Common rares (the ~71-item allowlist used by discord-rare-monitor):

  • Anything ending in 's Crystal (Alchemist's Crystal, Knight's Crystal, etc.)
  • Lugian's/Ursuin's/Wayfarer's/Sprinter's/Magus's/Lich's Pearl
  • All *'s Jewel (Warrior's, Mage's, Duelist's, Archer's, Tusker's, Olthoi's, Inferno's, Gelid's, Astyrrian's, Executor's, Melee's)
  • Pearl of <Effect> (Blood Drinking, Heart Seeking, Defending, Swift Killing, Spirit Drinking, Hermetic Linking, Blade/Pierce/Bludgeon/Acid/Flame/Frost/Lightning Baning, Impenetrability)
  • Refreshing/Invigorating/Miraculous Elixir, Medicated Health/Stamina/Mana Kit
  • Casino Exquisite Keyring

Great rares = anything else dropped from a rare event.
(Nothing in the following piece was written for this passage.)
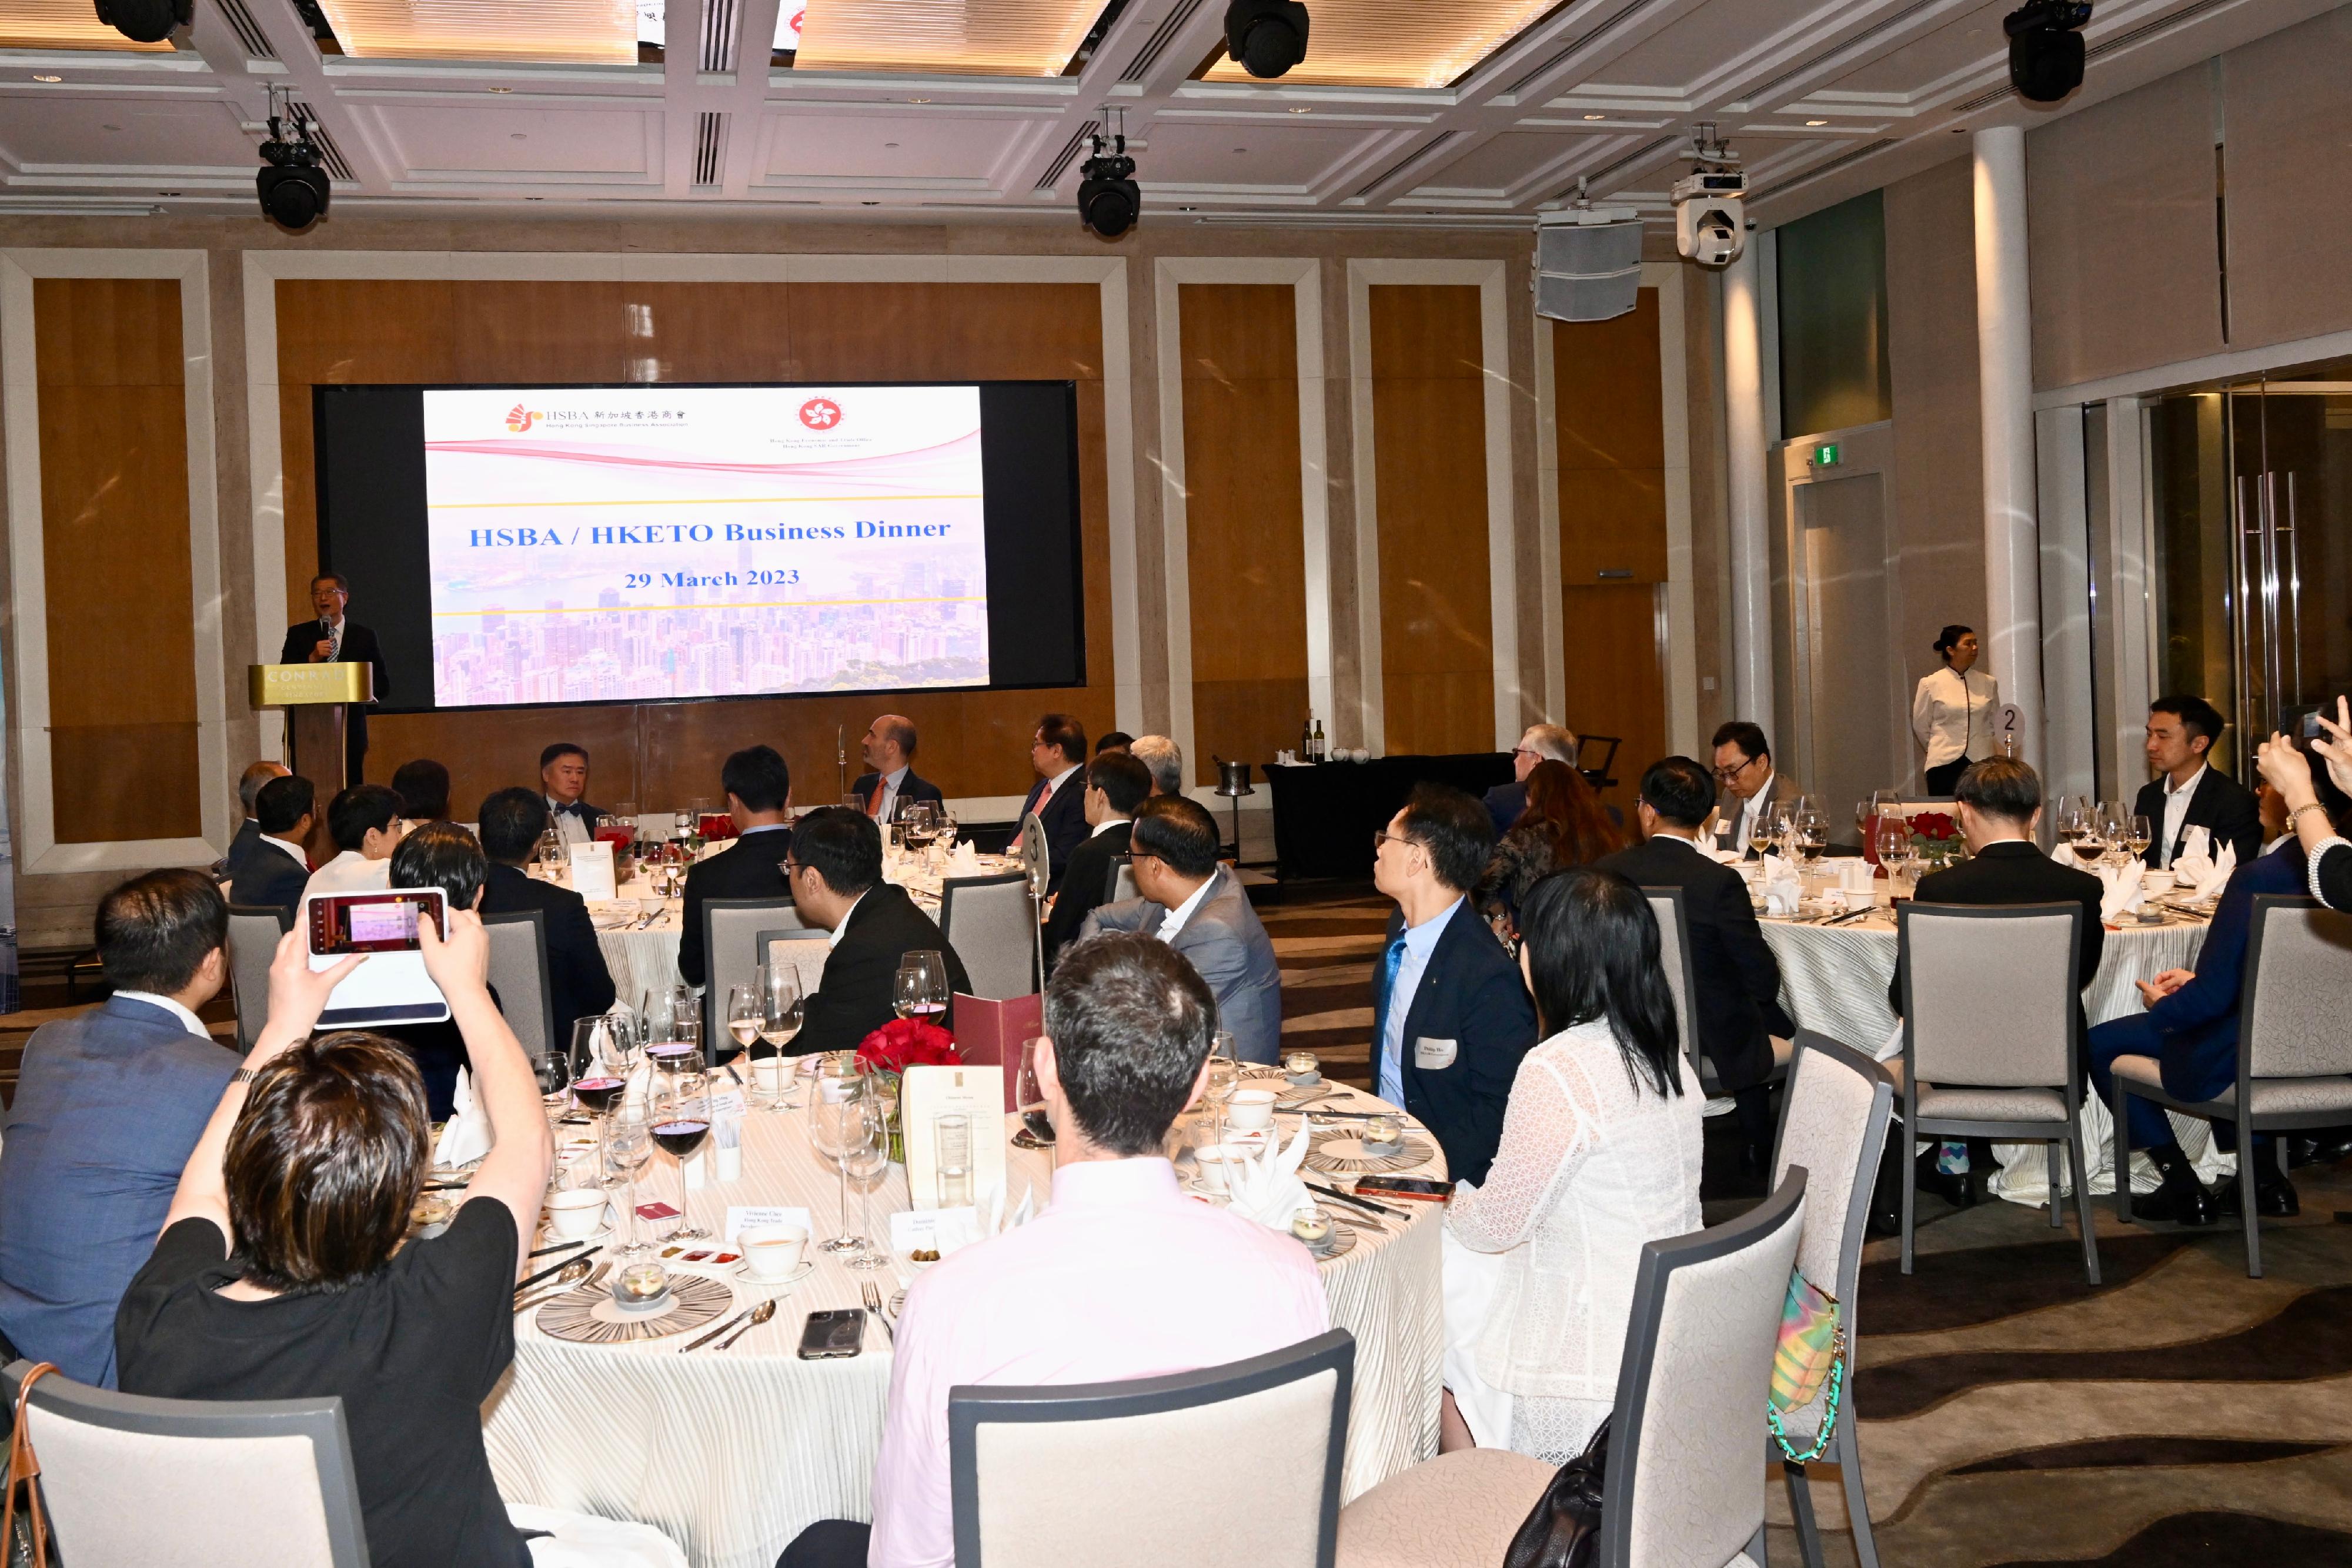 財政司司長陳茂波三月二十九日展開新加坡訪問行程。圖示陳茂波與新加坡主要商會成員晚宴上致辭。
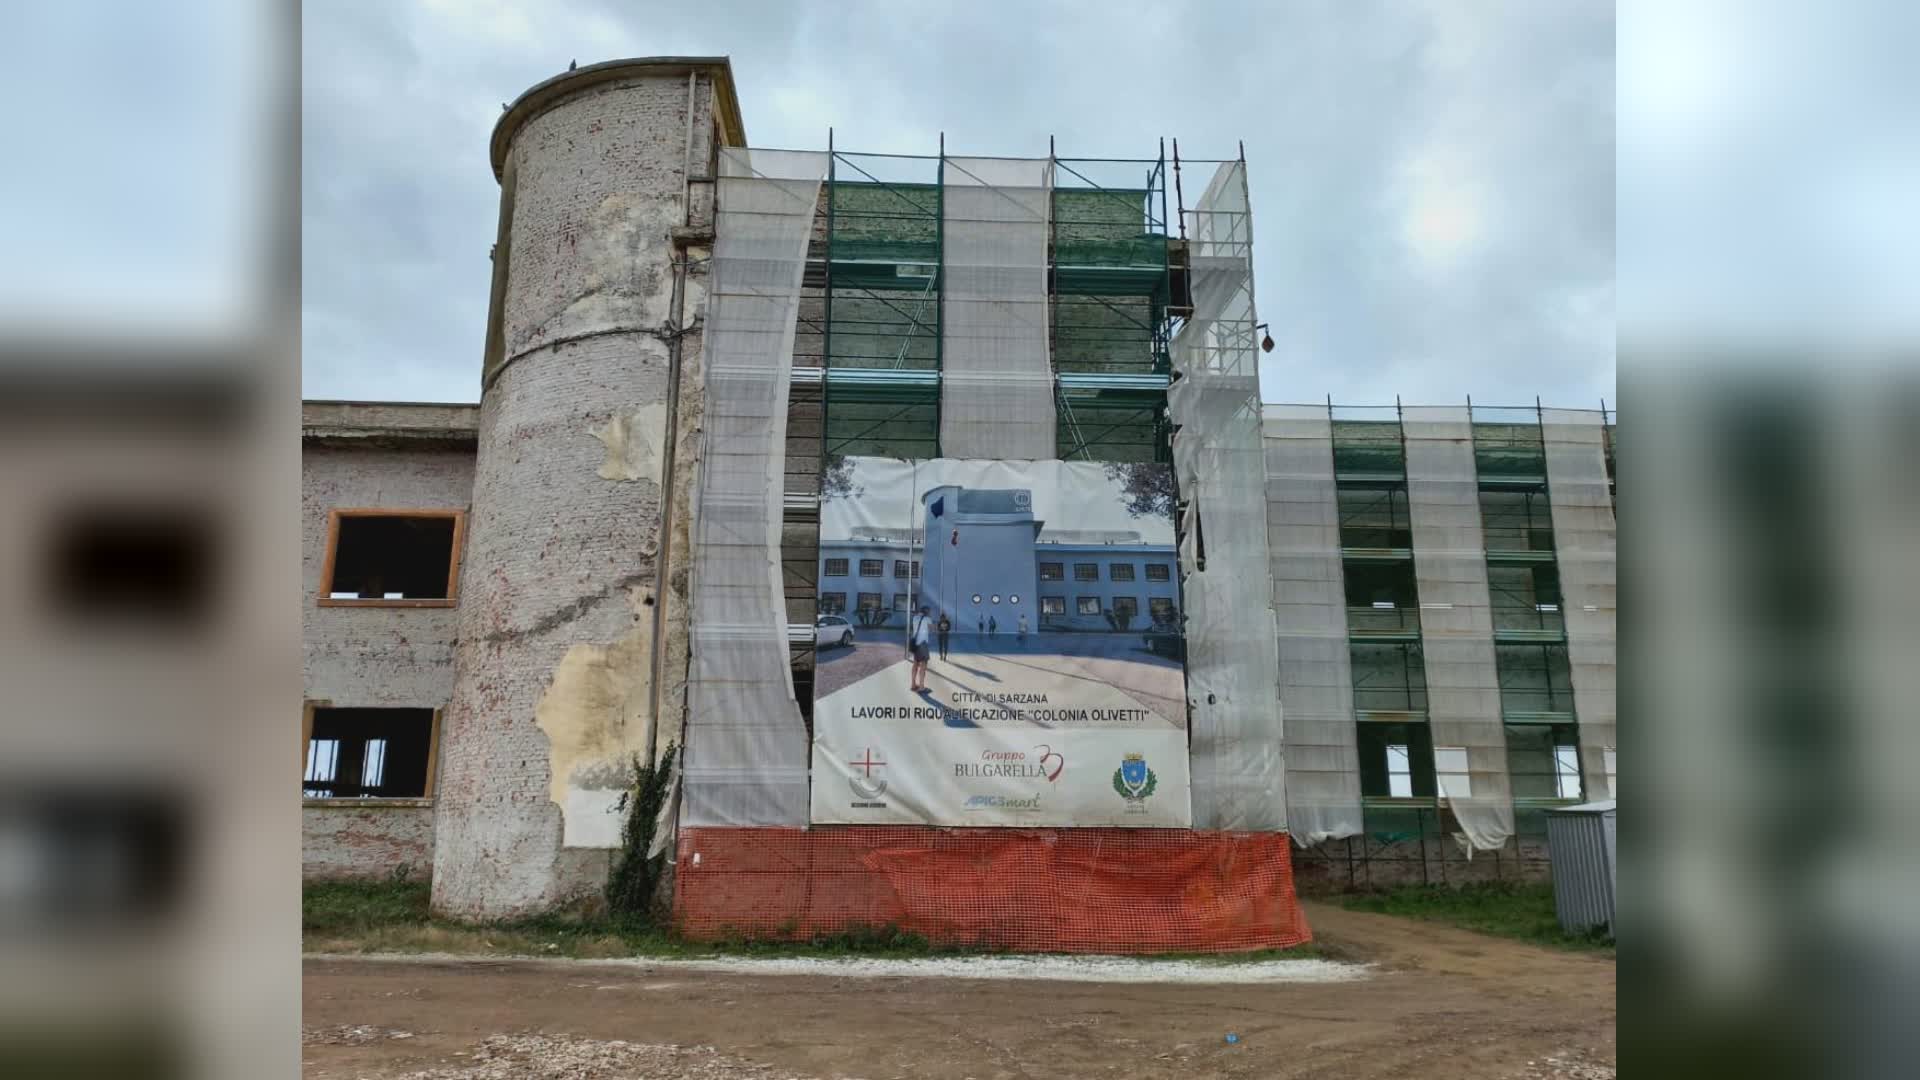 Marinella di Sarzana, il presidente Toti in visita ai cantieri dell'ex Colonia Olivetti: "In quest'area investimenti pubblici per oltre 50 milioni"

Examples include:

  • Shimmering Skeleton Key, Star of Tukal
  • Hieroglyph/Pictograph/Ideograph/Rune of …
  • Infinite/Eternal/Perennial/Foolproof/Limitless …
  • Gelidite, Leikotha, Frore items
  • Staff of …, Wand of …, Count Renari's …

When the user asks about "great rares", filter get_recent_rares results by the name NOT matching the common list, or run a SQL query like:

SELECT timestamp, character_name, name FROM rare_events
 WHERE timestamp >= NOW() - INTERVAL '7 days'
   AND name !~ '(Crystal|Jewel|Elixir|Kit|Keyring)$'
   AND name NOT LIKE 'Pearl of %'
   AND name !~ '(Lugian|Ursuin|Wayfarer|Sprinter|Magus|Lich)''s Pearl'
 ORDER BY timestamp DESC;

Available data tables (for query_telemetry_db)

  • telemetry_events (hypertable, 30-day retention) — position/state snapshots every ~2s per character
  • rare_events — rare item find log
  • spawn_events (hypertable, 7-day retention) — monster spawn observations
  • portals — discovered portal coords (1h dedup window)
  • char_stats, rare_stats, rare_stats_sessions — lifetime/session aggregates
  • character_stats — latest full stats JSON per character
  • combat_stats, combat_stats_sessions — combat tracking
  • server_status — current Coldeve game-server state (single row)

If asked about something not covered above, look in db_async.py for the schema or just try a query and report what you see.